The answer must reproduce exactly the lines from the one with "Une grande femme" through the end of the material, and it must contain no pictures.

[Opening Data provided section]

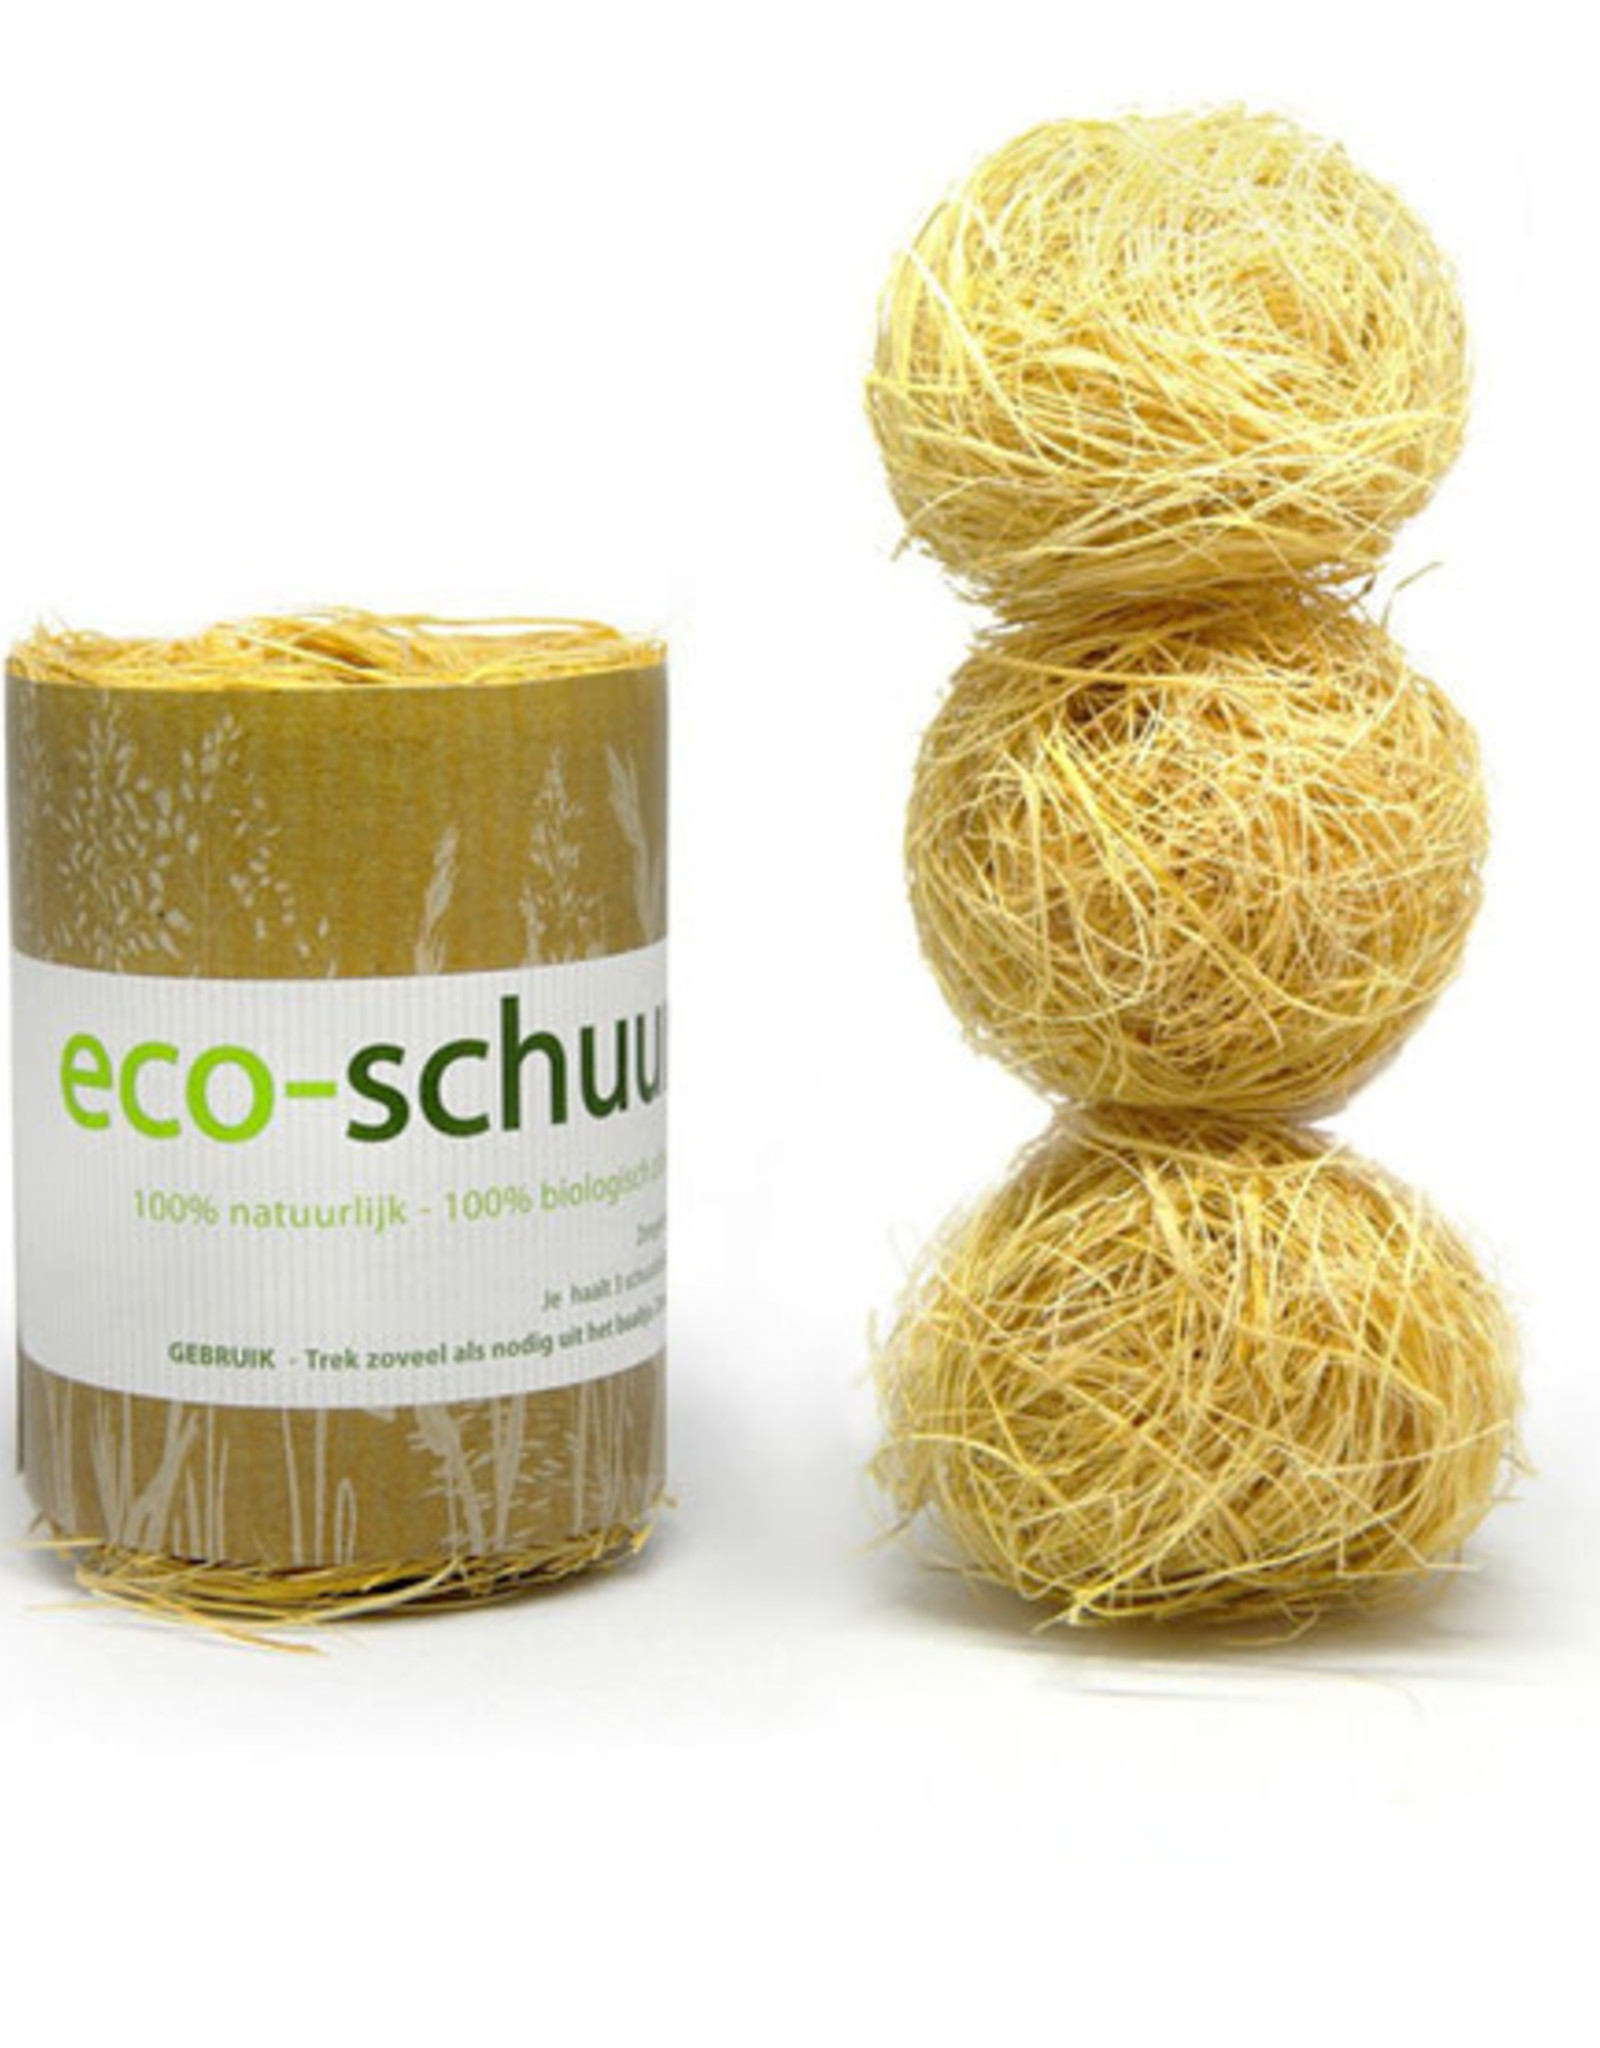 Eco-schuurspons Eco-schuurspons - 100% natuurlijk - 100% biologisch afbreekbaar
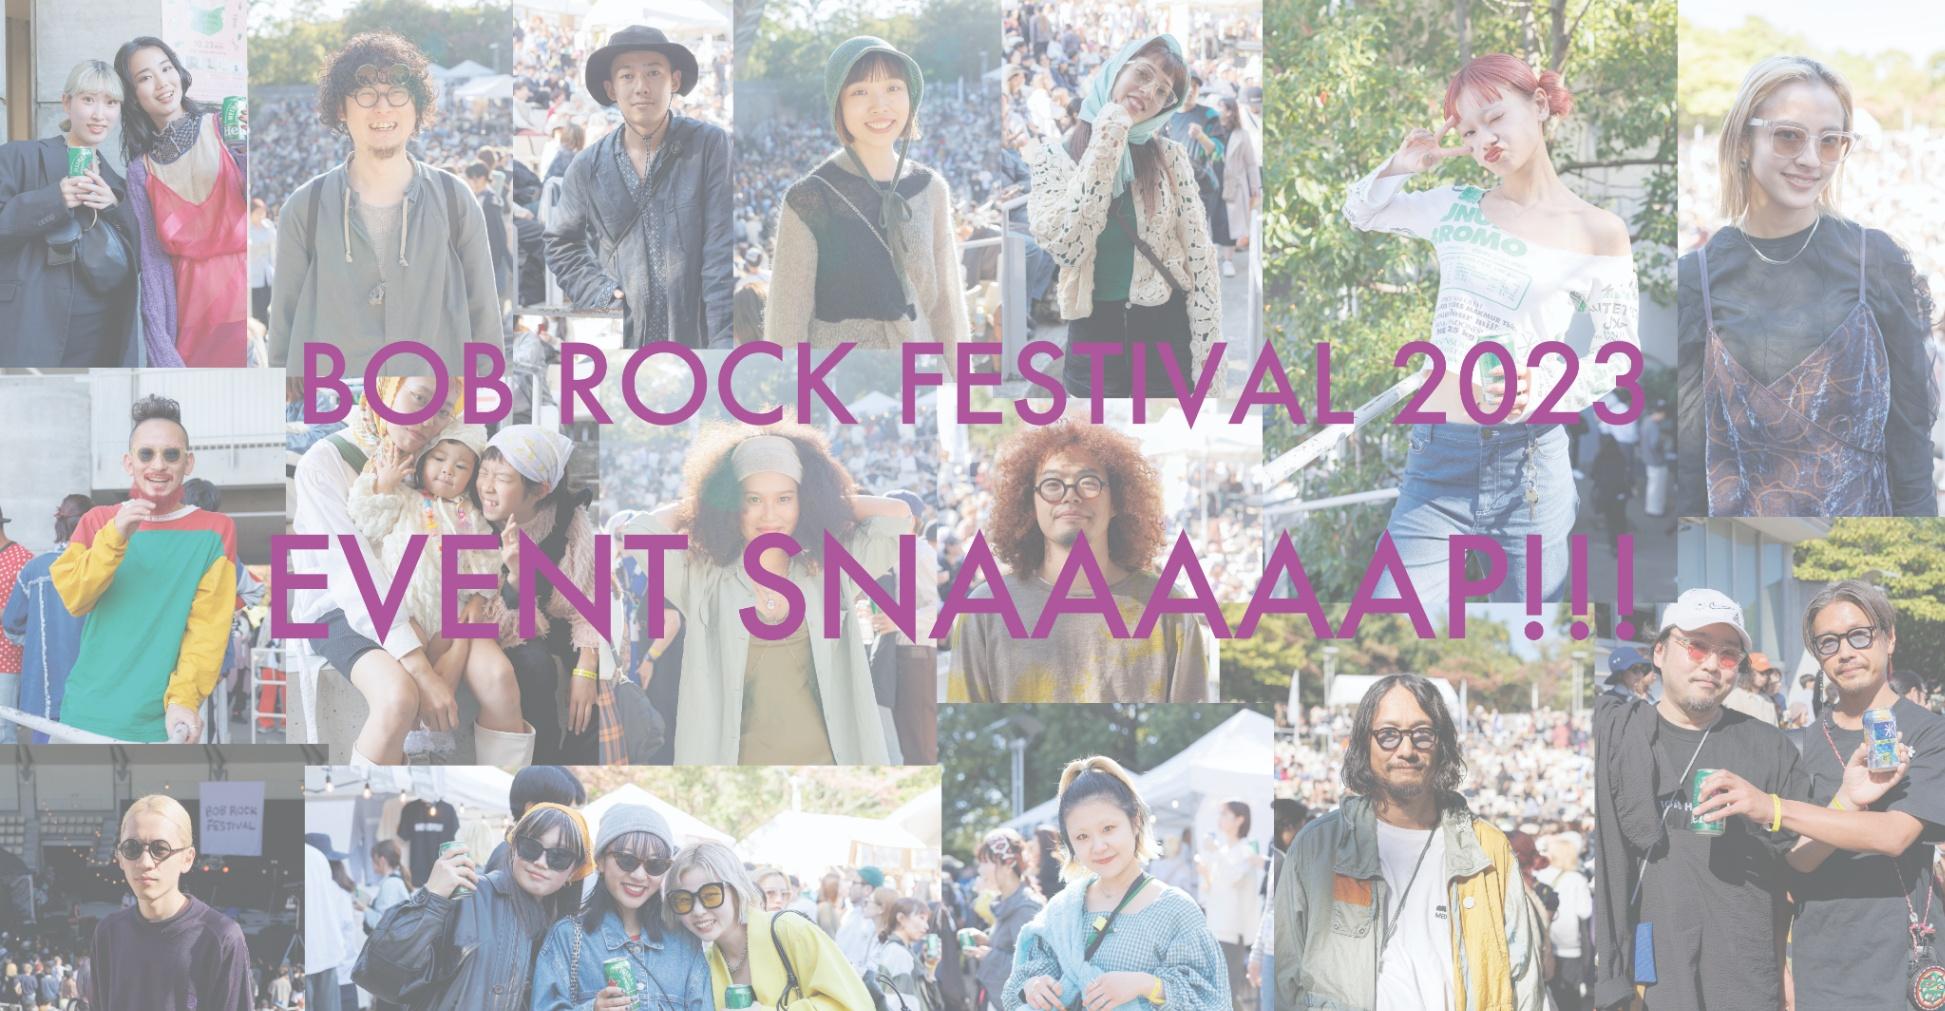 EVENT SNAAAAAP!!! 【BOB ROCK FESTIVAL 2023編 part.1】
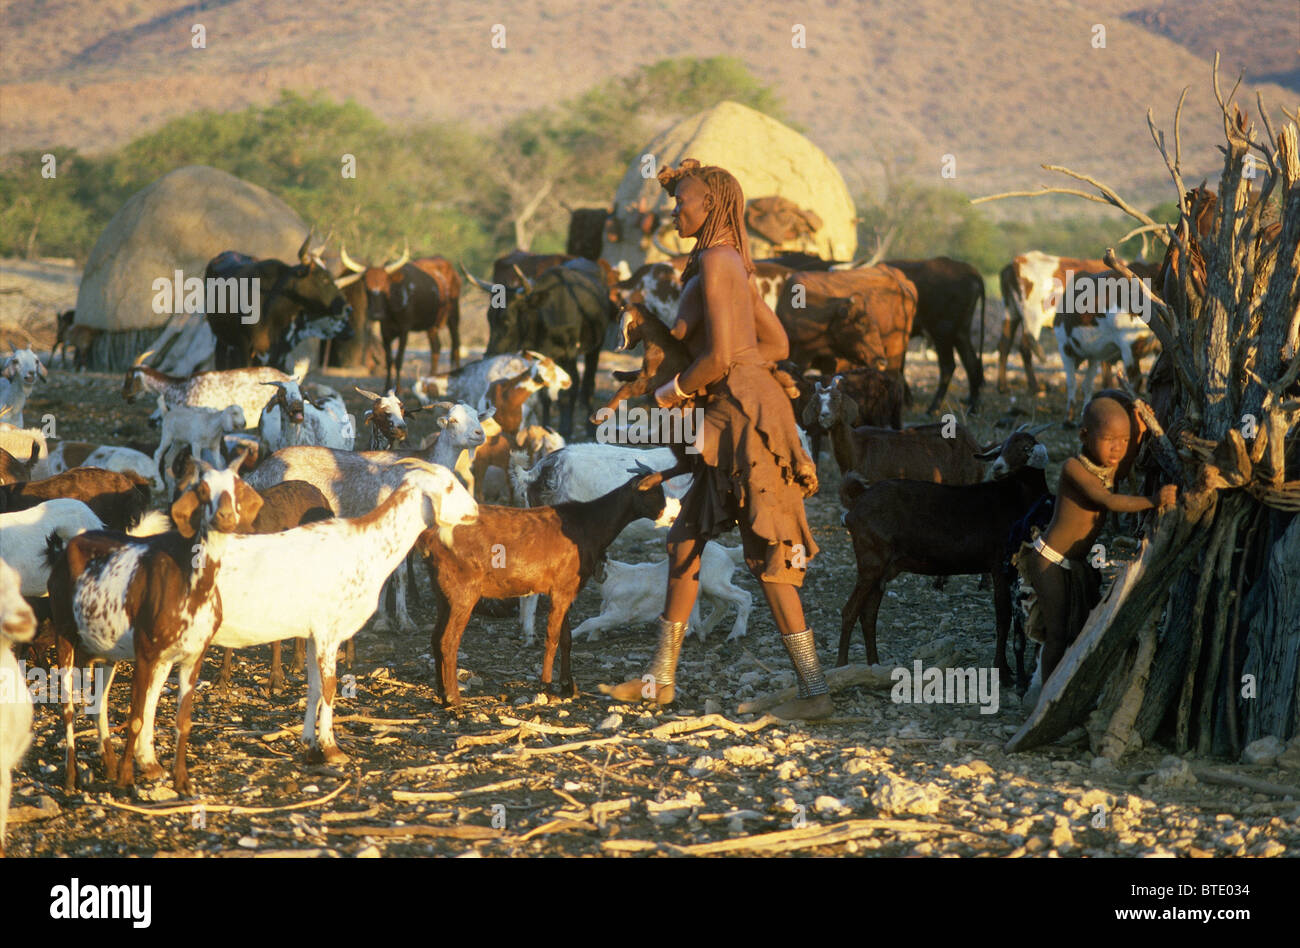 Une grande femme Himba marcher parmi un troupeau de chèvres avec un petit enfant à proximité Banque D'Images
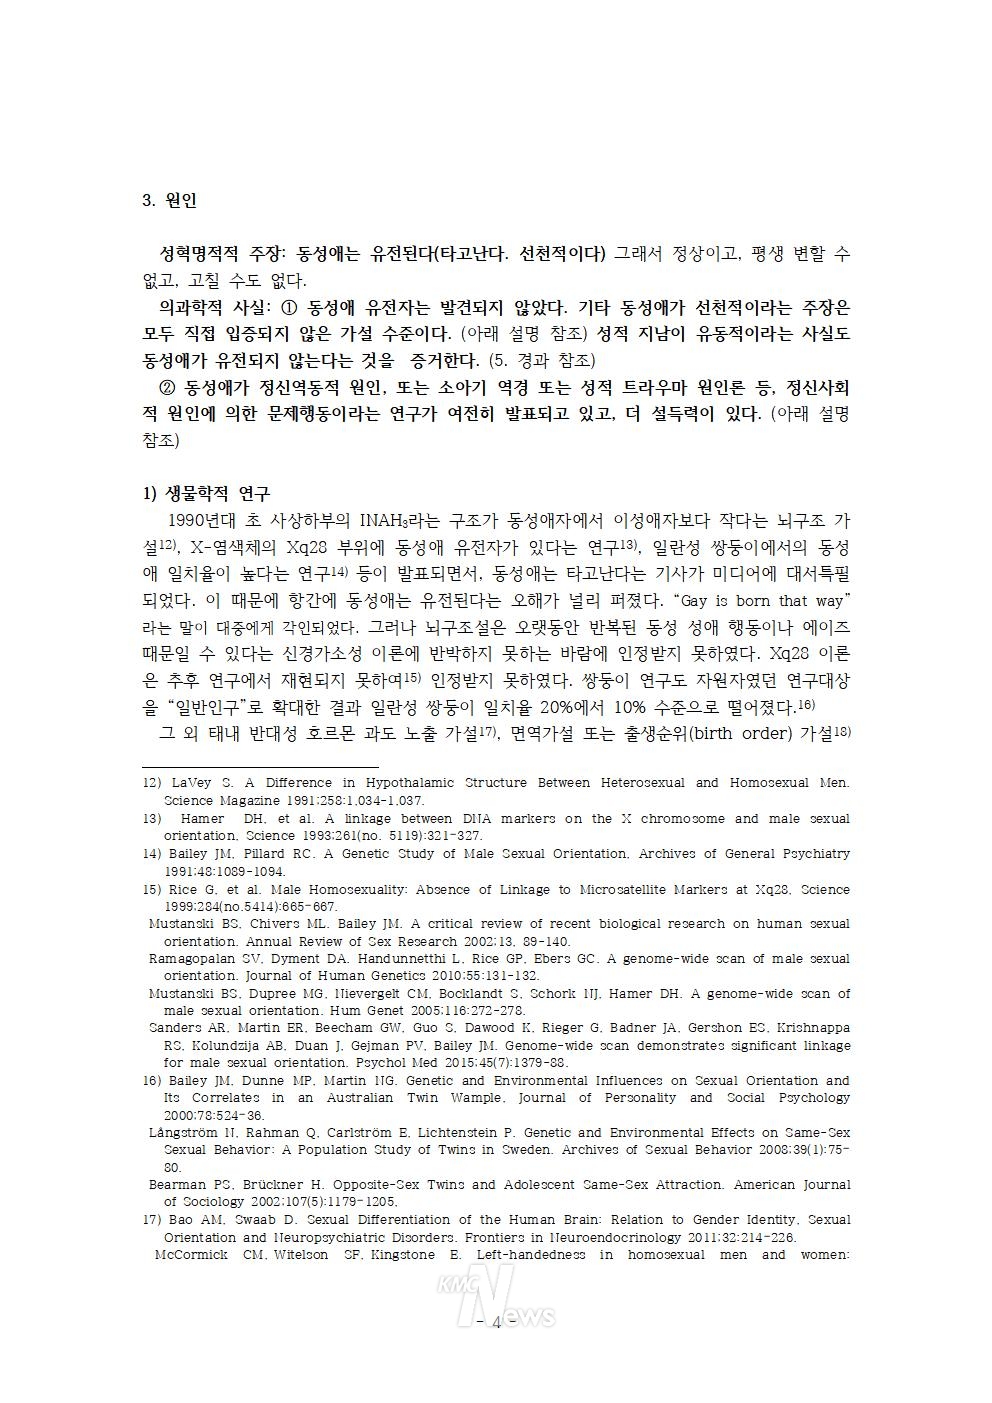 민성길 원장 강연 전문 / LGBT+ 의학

[Closing Data provided section]

Task result:
 Une grande femme Himba marcher parmi un troupeau de chèvres avec un petit enfant à proximité Banque D'Images
 민성길 원장 강연 전문 / LGBT+ 의학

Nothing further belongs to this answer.